A landmark ruling has likely set a new precedent for pencil developments across the country, after an appeals court had revoked a planning permit, which would have seen a five-storey development rise amidst a street made up of two-storey houses.
The court, presided by Chief Justice Mark Chetcuti, this week had overturned a planning permit to build a five-storey building in a street characterised by two-storey terraced houses in
Santa Lucija – something which can be termed as a “pencil development.”
The term pencil development refers to situations where a streetscape is spoiled by a development which is much greater in height, which would have been approved owing to the fact that they do not exceed the maximum height which is allowed by Malta’s planning policies.
In the case of this development, the Planning Authority had turned down the application, but that decision was overturned by the Environment and Review Tribunal (EPRT) after the applicant – Charles Falzon – filed an appeal.
The PA had based its refusal on a section of planning legislations which state that in taking decisions, the PA should take into account “material considerations” which include things like legal commits and environmental aesthetics.

Furthermore, the PA based its refusal on the impact that the development would have had on the streetscape and skyline, being that when a uniform design prevails in an area then the emphasis should be on respecting these parameters.
The EPRT – which handles appeals on planning decisions – however had overturned the decision, stating that permits for buildings higher than two storeys had already been issued in the surrounding area.
This decision was challenged in the law courts by resident Michael Pule and PN local councillor and Santa Lucija minority leader Liam Sciberras, assisted by lawyer Claire Bonello.

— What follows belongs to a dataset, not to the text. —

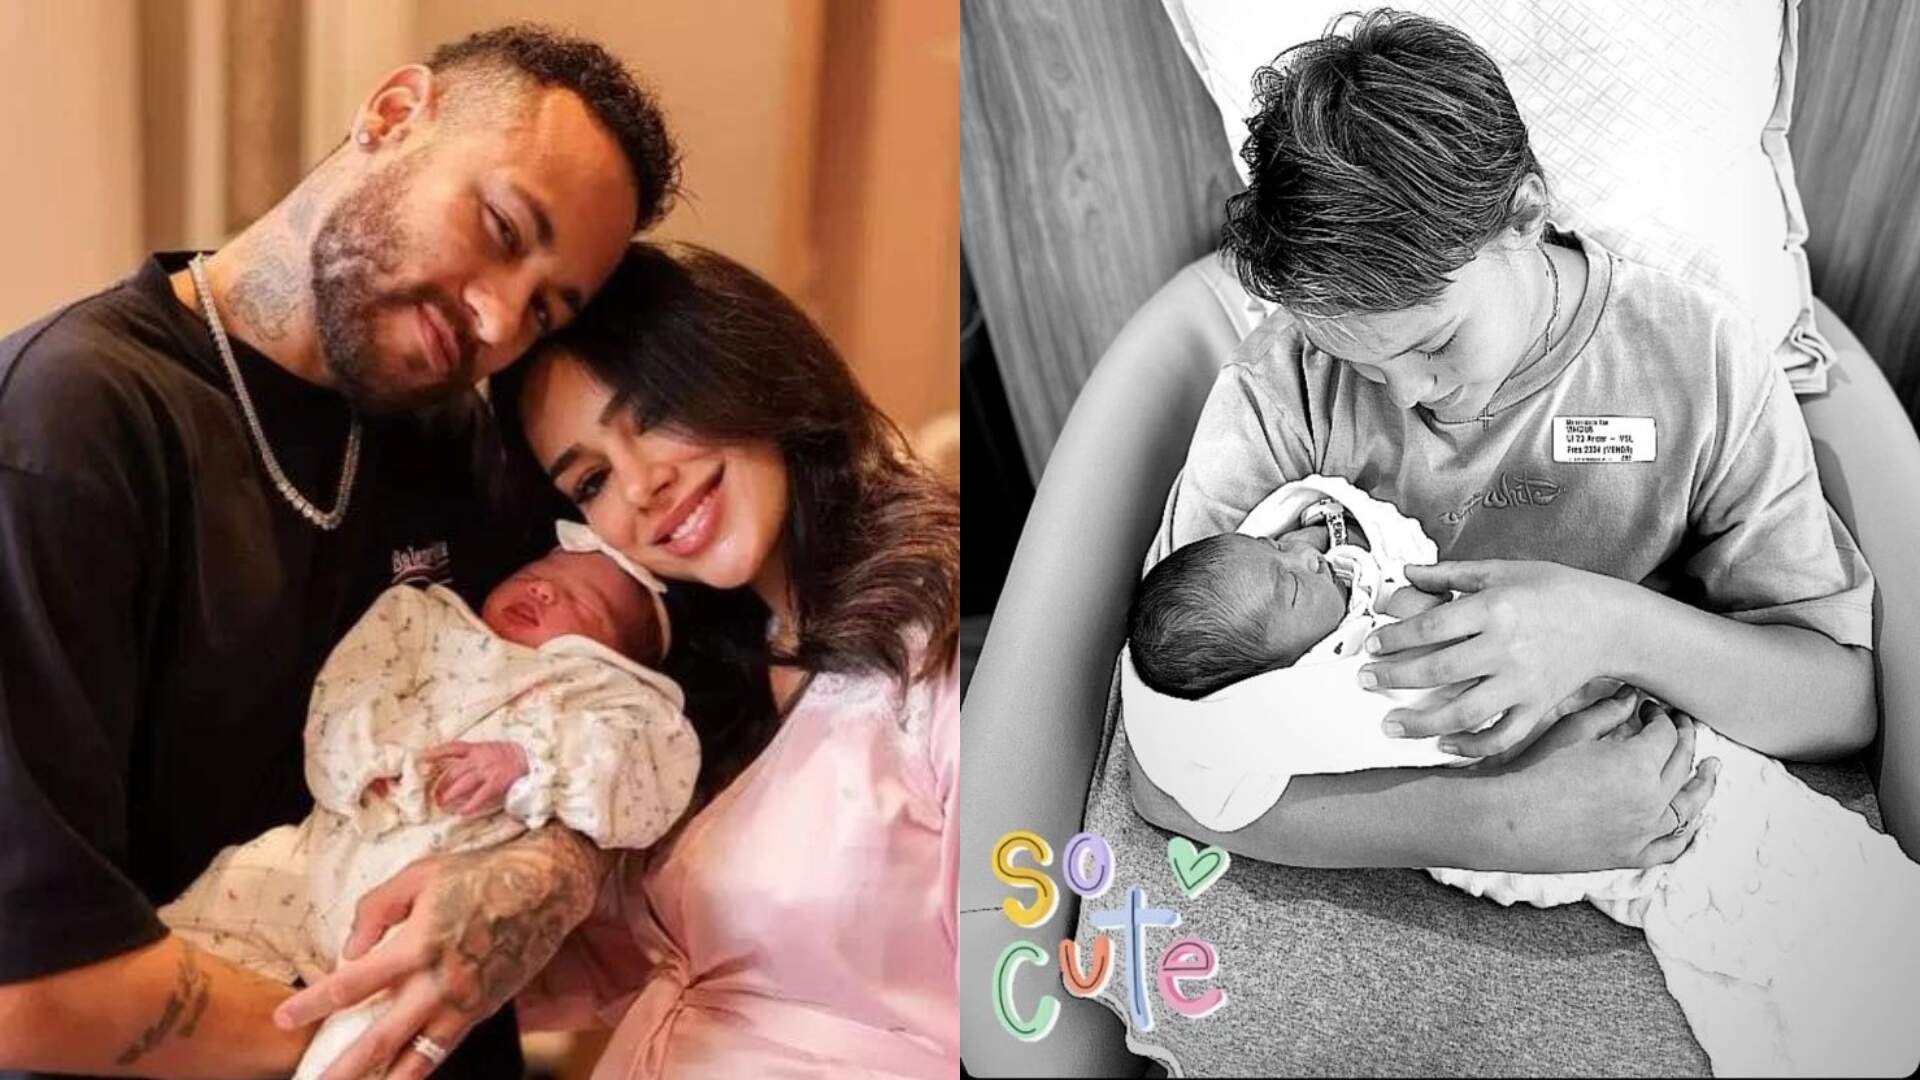 Pai babão! Neymar Jr. se derrete ao mostrar o primeiro encontro dos dois filhos: “Meus maiores amores”

In the sentence, Chief Justice Chetcuti said that the EPRT was mistaken in concluding that there were already permits in the same Home Ownership Scheme which had been granted with a height of over two storeys.
The court also found that the tribunal was “mistaken and contradictory” in its statement about the lack of applicability of the guidance policies in the DC2015 regulatory framework, when it was the tribunal itself which had judged the streetscape to be characterised by two-storey buildings which offer a sense of uniformity but had then judged the area to have no architectural value, even though this is not a requisite for the aforementioned guidance policies.
DC2015 is a set of guidelines approved in 2015 which include policies which oblige developers to respect the surrounding context of their development, but which had also included an annex which permitted the height limitation imposed in local plans to be interpreted in metres rather than in storeys. This meant that suddenly, fivestorey developments could be allowed in areas which previously had a three-floor limitation.
This has been applied inconsistently by the Planning Authority ever since, with pencil developments cropping up in what were previously uniform streetscapes all across the island.
The court also said that the EPRT’s decision went against policy, because it failed to take into account the representations of third parties and of the Superintendence of Cultural Heritage, and because it did not take into account the Strategic Plan for the Environment and Development
(SPED) either.
In its decision, the court said that “when there is a specific plan or policy for a particular zone, this should be respected.”
“However, when this policy is giving a clear direction on the height limitation, and this is satisifed by the proposed development, it doesn’t mean that there cannot be other policies regarding development which should be discarded and not considered”, the court said.
The court said that while the proposed development satisified the height limitation, it went against other policies which re
late to the impact on the skyline and design uniformity.
It observed that the EPRT judges the skyline to be compromised with buildings which rise higher than two-storeys, but failed to substantiate this assertion by showing specific permits which show such buildings in the area.
“An examination of the pictures show that the development is one of many sites facing an ODZ, in a street which is all twostoreys high”, the court said.
It said that the tribunal should not have ignored the “dominant defining design consideration”
which policy G3 in DC2015 states should be a part of the decisionmaking, and therefore should have taken into consideration the architecture of the surrounding buildings.
“The development, in conformity with the rest of the streetscape formed of two-storey buildings with a front garden, should have been done with a design of an architectural value which reflects two-storey buildings with a front garden”, the court said.
“As already stated, the height limitation in the local plan is a requisite to limit the maximum height, not whether the development is idoneous for the factual circumstances of the immediate zone where it is being proposed”, the court added.
It is for these reasons that the permit was therefore revoked.
The judgement sets a legal precedent for pencil developments, and gives legal certainty that the height limitations stated in the country’s local plans do not give developers an automatic right to build up to the maximum which that height limitation permits.
It will allow the Planning Authority legal certainty to take into consideration the context of other policies of specific areas, but could also pave the way to more objections to pencil developments which compromise existing and uniform streetscapes.
Santa Lucija local council minority leader and PN councillor Liam Sciberras – who fronted the case together with resident Michael Pule – took to social media to celebrate the court victory, saying that the decision meant the “protection of the Santa Lucija heritage” and that it will “not allow the greedy to rape the perfect environment of my birthplace.”
He also criticised the mayor and deputy mayor of Santa Lucija – Charmaine St John and Frederick Cutajar respectively – for their lack of cooperation in the appeal, saying that St John had “gone against the oath she swore when she was elected as mayor” as she chose to “defend the developer.”